You don’t have to be naked and living in caves to need the healing grace of God in Christ breaking you free. Everyone has chains to be broken, freedom and new life to find.
But Christ doesn’t seem to act as immediately anymore.
This man suffered for a long time, but the moment he met Christ, he found healing and wholeness.
That doesn’t happen in our day, not that rapidly, not that noticeably. Our inner chains can bind us for years. Our society seems to be taking five steps back for every one forward. Those celebrating the emancipation of Juneteenth today see ever stronger chains of racism and oppression binding God’s children and our society. All these chains that bind seem to be stronger than God can handle.
But look from a different perspective. Look back on your life. Can you see a thread of God’s healing hand over time? Where were you a year ago, or ten? Can you see that God has been at work breaking some of those chains already?
And in this world, we can look at the pain and suffering we see repeatedly and despair that anything is happening. But we can also look for signs that chains are being broken and life from God is emerging. There are signs of hope today, if only we can look for them, and tell each other when we see them.
And Paul’s witness is that, while we’re being freed, we’re already clean and clothed.
Paul’s Galatians were in a lot of difficulty. Deep division between Jewish and Gentile Christians caused a lot of stress and emotional anguish, even to Paul.
But Paul didn’t say “one day you’ll be one in Christ.” He said, “all of you are one in Christ Jesus. These things that seem to divide you, ethnicity, gender, class, privilege, these are not your deepest truth. You are one.”
Jesus crossed the sea and clothed a foreigner, a non-Jew, with the same healing he offered Jewish people. Paul created communities of multiple cultures and backgrounds, proclaiming their oneness in Christ. That’s the clothing that you already have. You, and I, and all the baptized, and Oren today, are already clean and clothed as God’s beloved children, our true identity, even while we are being freed. And God’s reign in Christ is for all God’s children, regardless of what they do or don’t believe. God sees no boundaries of any kind to reaching people and freeing them. God’s love in Christ declares all clean, clothed with love and mercy and wholeness.
If you do start to see this, experience this, what can you do?
This man, freed, washed, clothed, wants to go along with Jesus on the road and be with the one who saved his life. But Jesus says not everyone is sent away to serve God.
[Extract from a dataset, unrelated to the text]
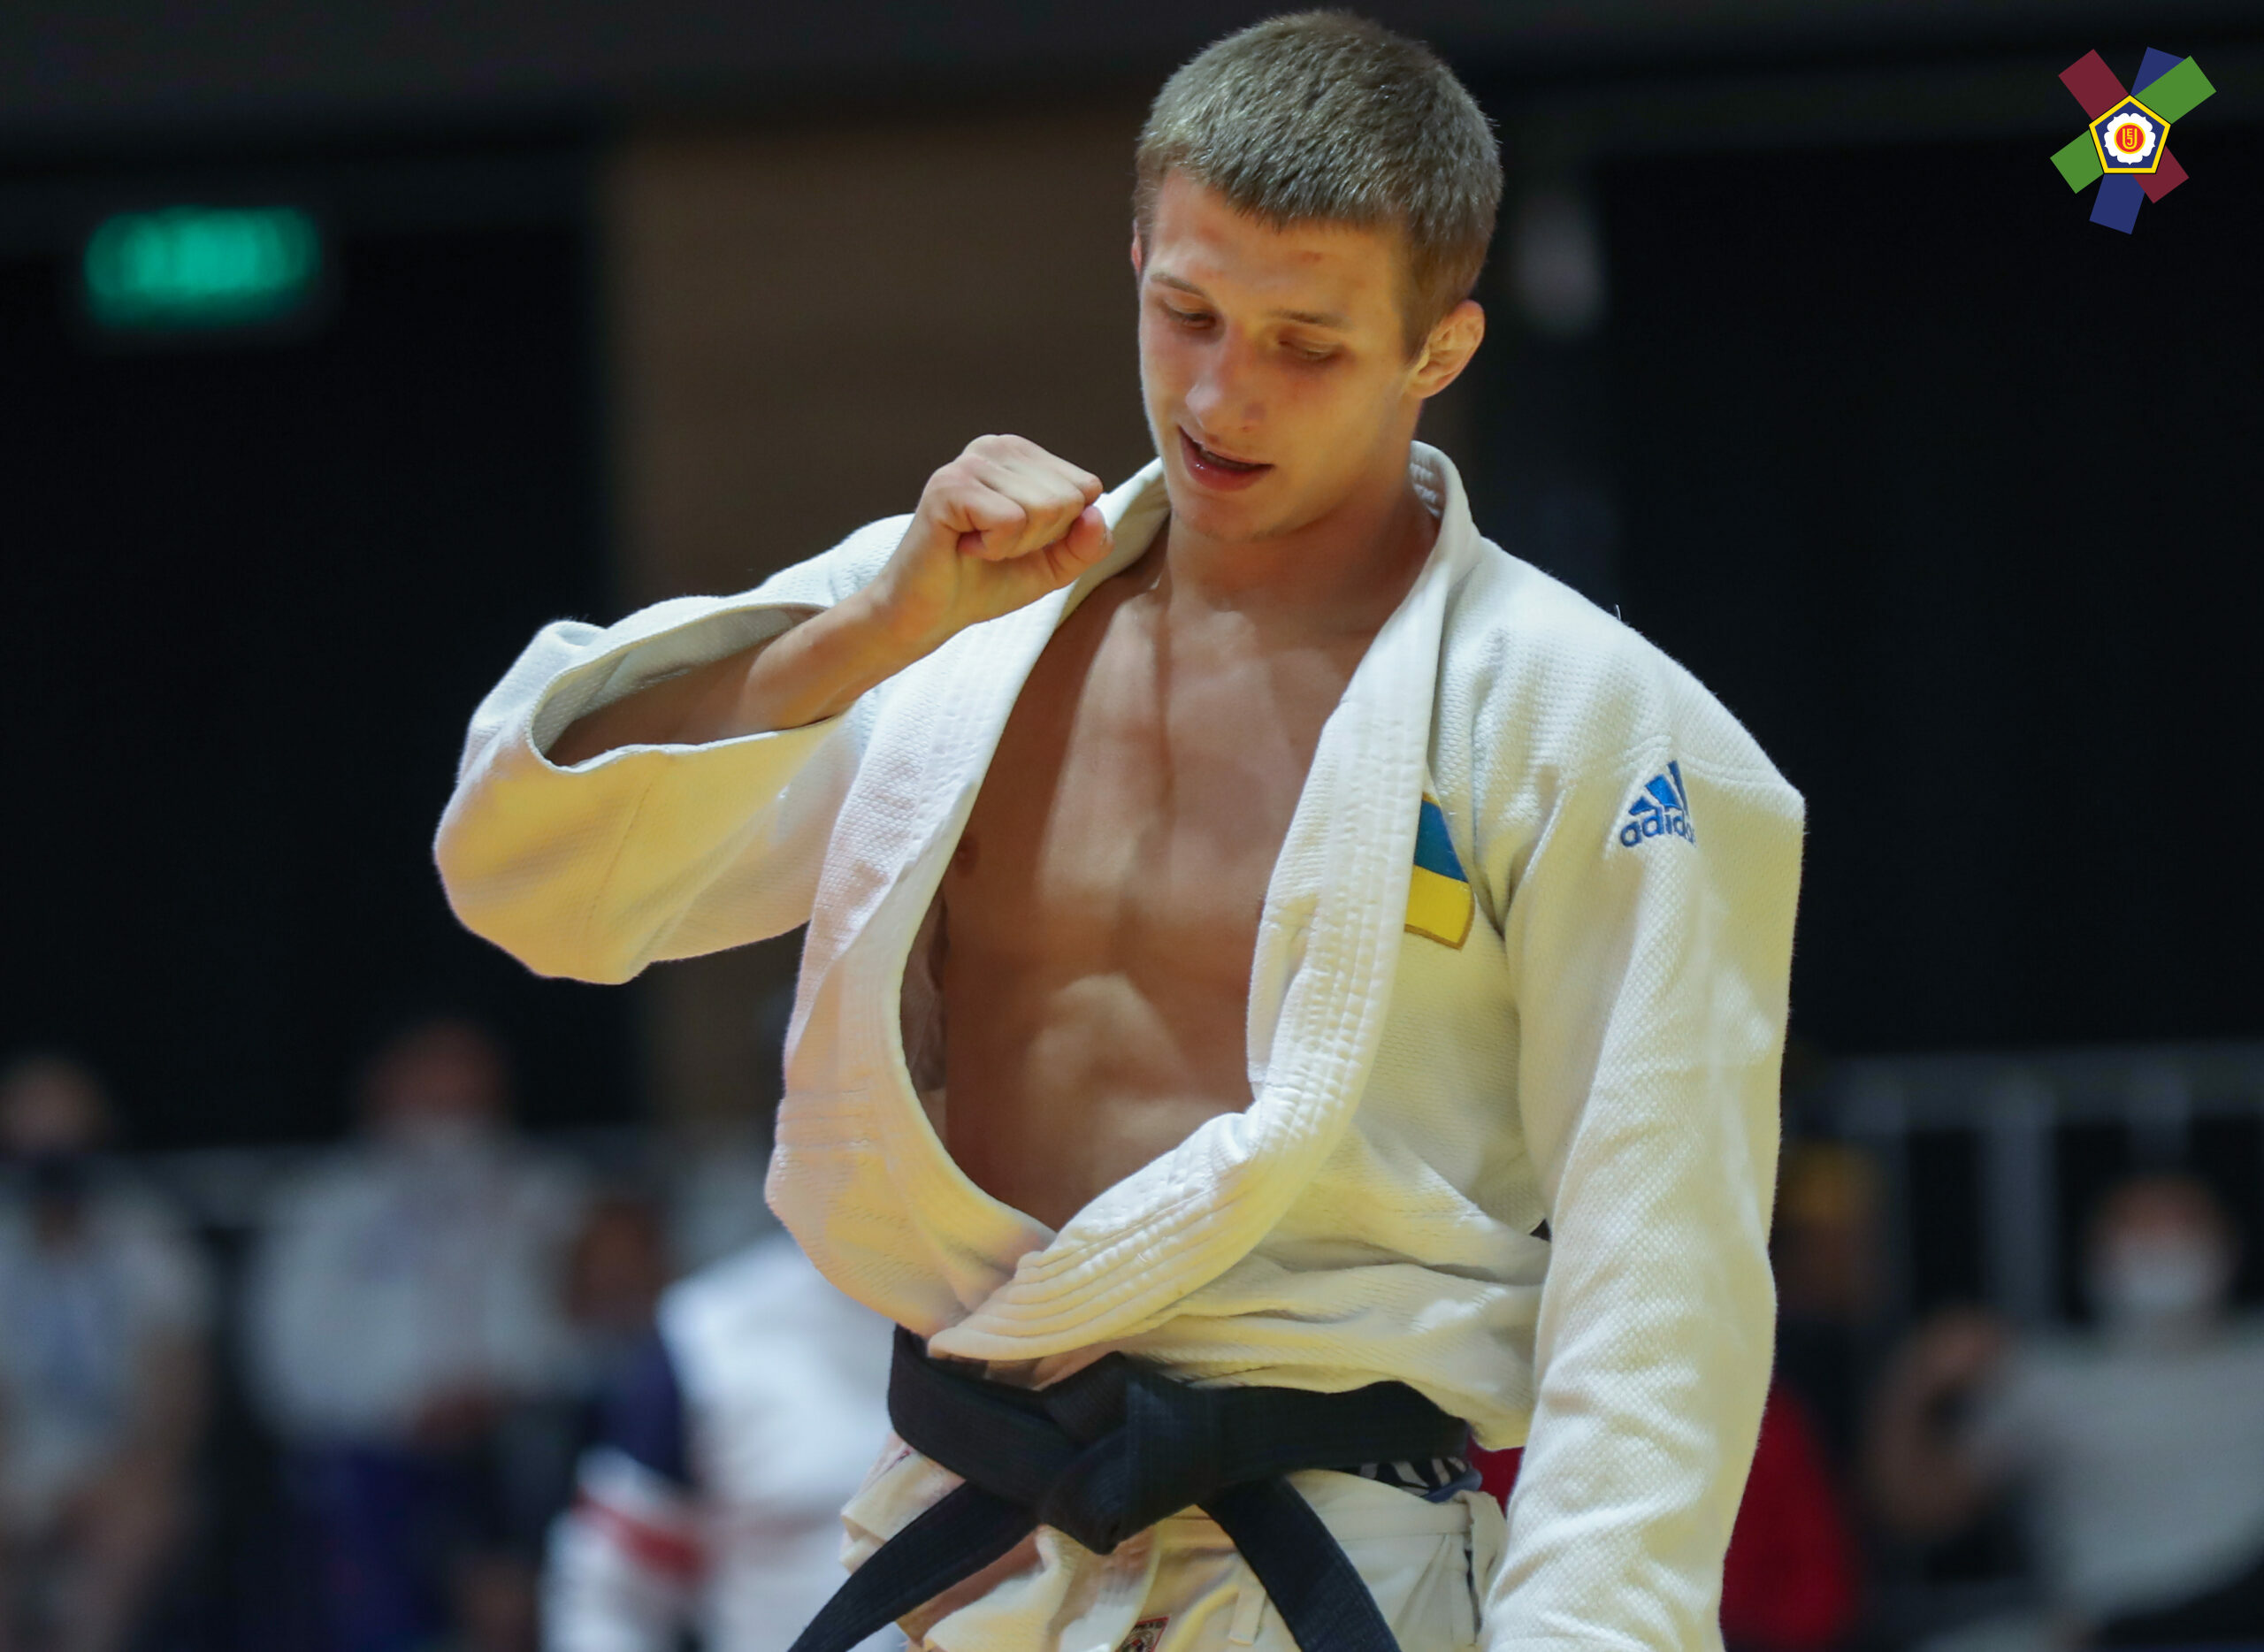  European Judo Open  :

He’s told to go home, free, and clean, and clothed, and do one thing: declare how much God has done for him.
For most of us, most of you, that’s our call, too. Return to your home, your life, and tell someone how much God has done for you and the world. So they can hope. So they themselves can start seeing chains breaking. And so all can live in the joy of being clothed in God’s mercy, and one with each other as beloved children of God.